Development Of qPCR And ddPCR Assays For Sensitive Detection Of Streptococcus iniae And Application In Studying Infection Dynamics In Tilapia (Oreochromis spp.)

Authors: Ma, Jie; Lafrentz, Benjamin

Submitted to: Annual Eastern Fish Health Workshop
Publication Type: Abstract Only
Publication Acceptance Date: 3/23/2026
Publication Date: 3/26/2026
Citation: Ma, J., Lafrentz, B.R. 2026. Development Of qPCR And ddPCR Assays For Sensitive Detection Of Streptococcus iniae And Application In Studying Infection Dynamics In Tilapia (Oreochromis spp.). Annual Eastern Fish Health Workshop [ABSRACT]. 49th Annual Eastern Fish Health Workshop

Interpretive Summary: Streptococcus iniae is a major pathogen in tilapia aquaculture, responsible for systemic infections and substantial economic losses. This study introduces highly sensitive molecular assays—real-time qPCR and droplet digital PCR (ddPCR)—targeting the conserved groEL gene of S. iniae. The ddPCR method demonstrated exceptional specificity, detecting as few as five genomic copies and effectively distinguishing S. iniae from other aquatic microbes and host tissues. Infection profiling revealed rapid colonization of the spleen, intense proliferation in the brain, and persistent presence in the kidney, suggesting organ-specific dynamics and potential reservoirs. Additionally, waterborne shedding peaked at 48 hours post-infection and persisted at low levels for seven days, indicating ongoing environmental contamination. These findings provide reliable tools for disease surveillance, outbreak tracking, and biosecurity enhancement in commercial fish farming.

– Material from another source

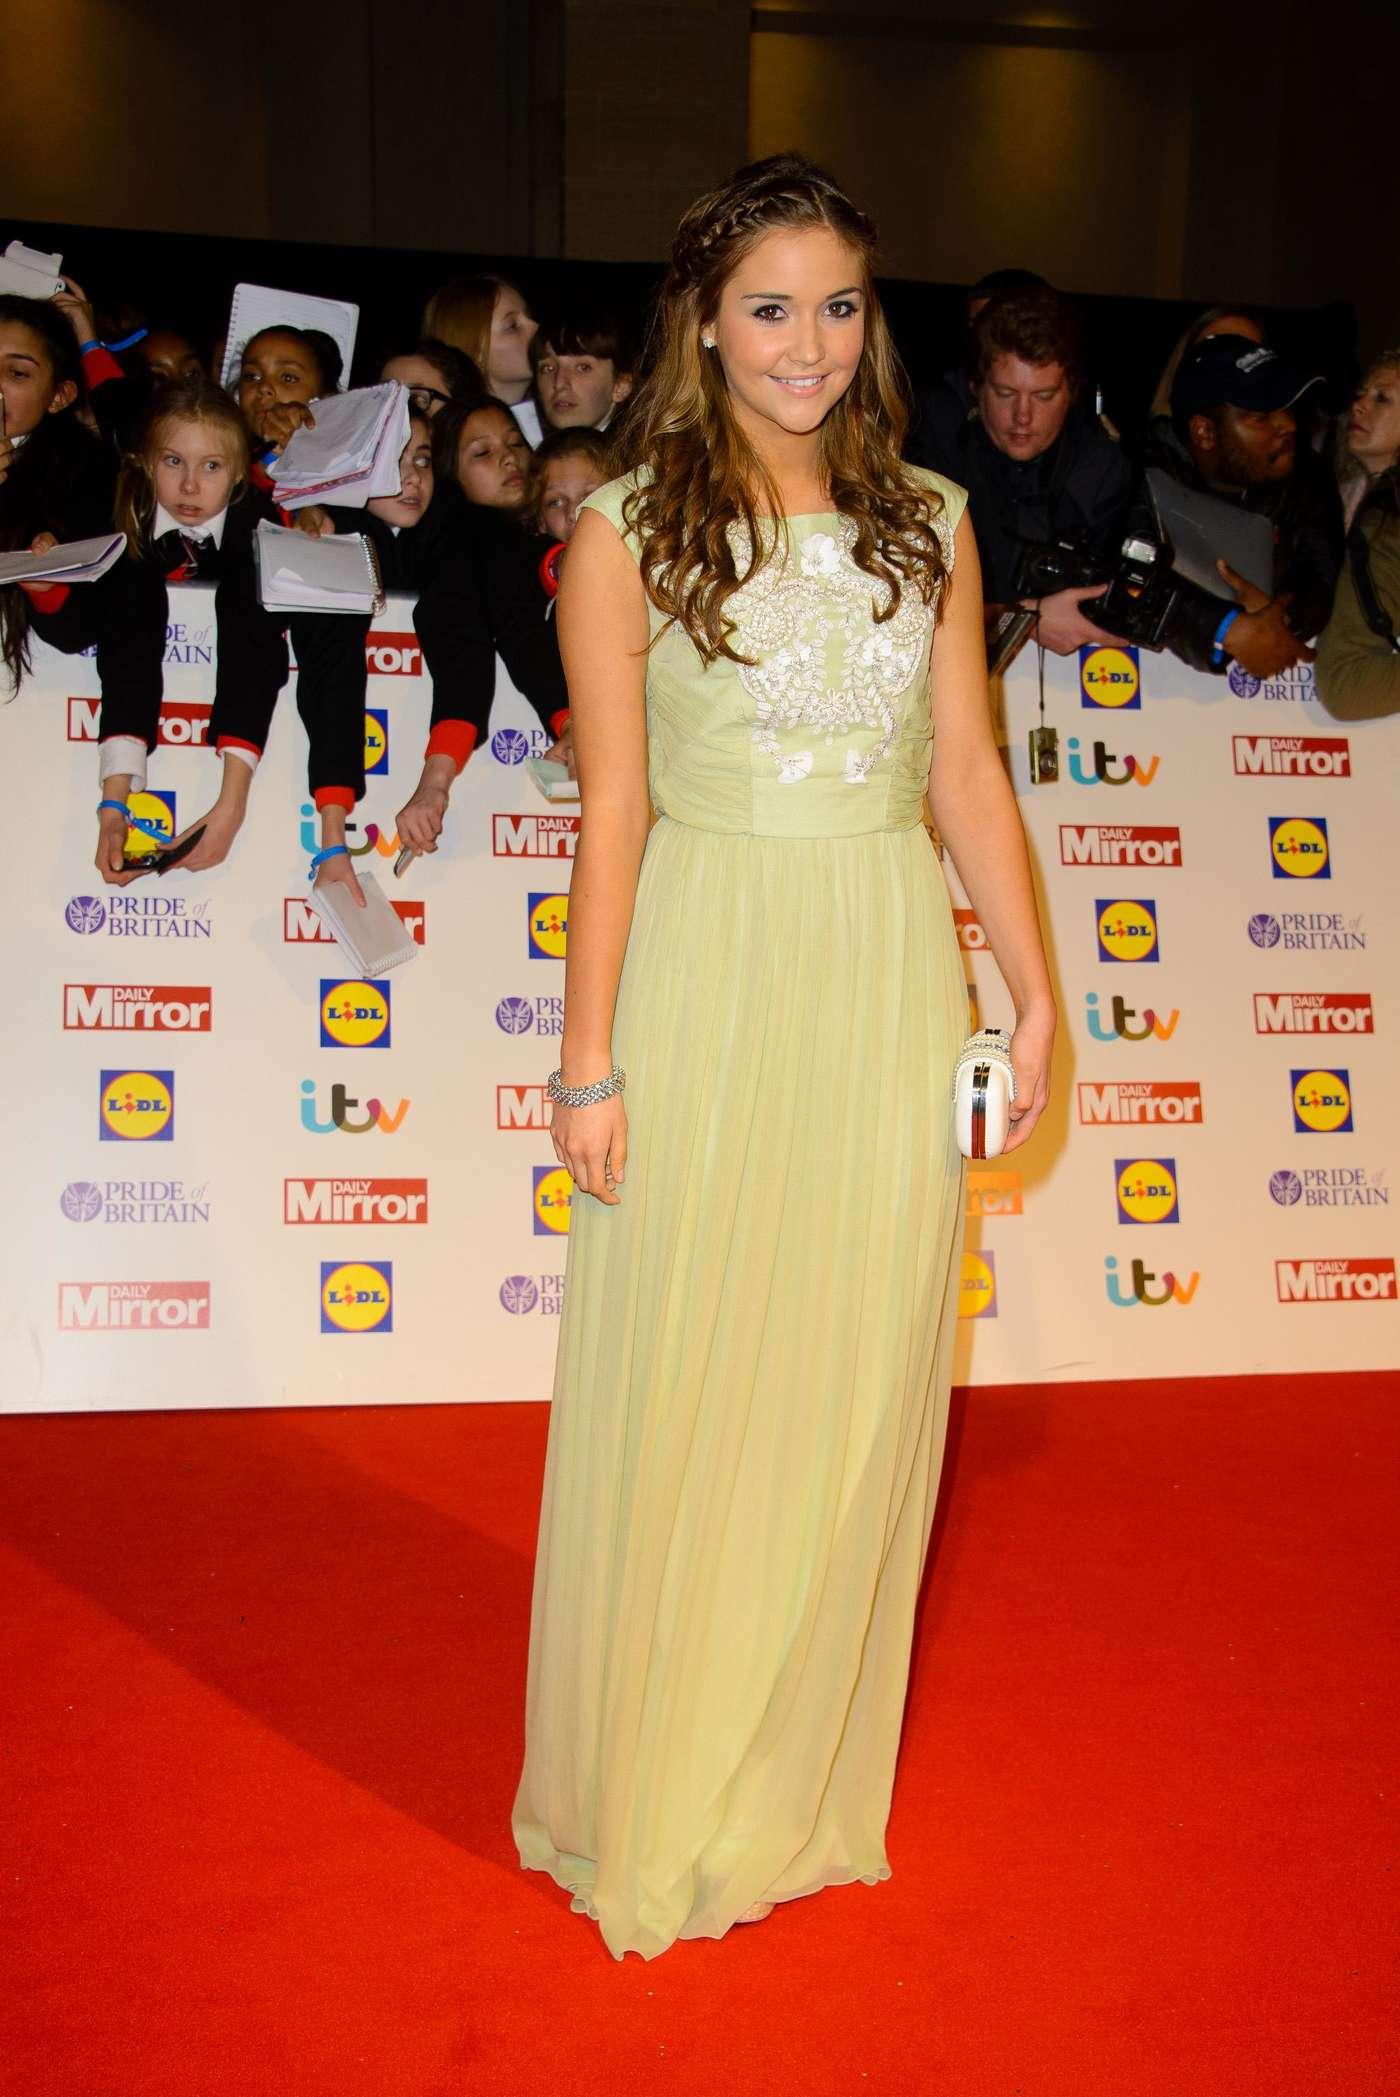 Jacqueline Jossa Pride of Britain Awards in London

Technical Abstract: Streptococcus iniae is a major bacterial pathogen in aquaculture, responsible for systemic infections and significant economic losses in different industries, including the global tilapia (Oreochromis spp.) industry. In this research, we developed and optimized real-time quantitative PCR (qPCR) and droplet digital PCR (ddPCR) assays, targeting the conserved groEL gene, for sensitive and specific quantification of S. iniae. Both qPCR and ddPCR reliably distinguished S. iniae isolates from other aquatic bacteria, with a detection limit of 100 fg/reaction (approximately 46 genomic copies) and 10 fg/reaction (approximately 5 genomic copies), respectively. Organ-level bacterial quantification revealed early and intense colonization of the spleen post-infection, followed by exponential proliferation in the brain. This suggests the spleen is a highly susceptible, infection prone organ during the initial systemic phase, and the brain is a major replication site during systemic infection. The liver exhibited minimal bacterial burden, while the kidney exhibited stable bacterial loads and retained detectable S. iniae DNA at 7 d post-challenge (dpc), suggesting its role as a potential long-term reservoir. Waterborne shedding of S. iniae was observed and peaked sharply at 48 h post-challenge, corresponding with elevated systemic bacterial loads. Low-level persistence of S. iniae DNA in tank water through 7 dpc suggests chronic environmental contamination from infected hosts. Together, the molecular assays and infection profiling established in this research provide effective tools for sensitive detection and surveillance of S. iniae in commercial tilapia production.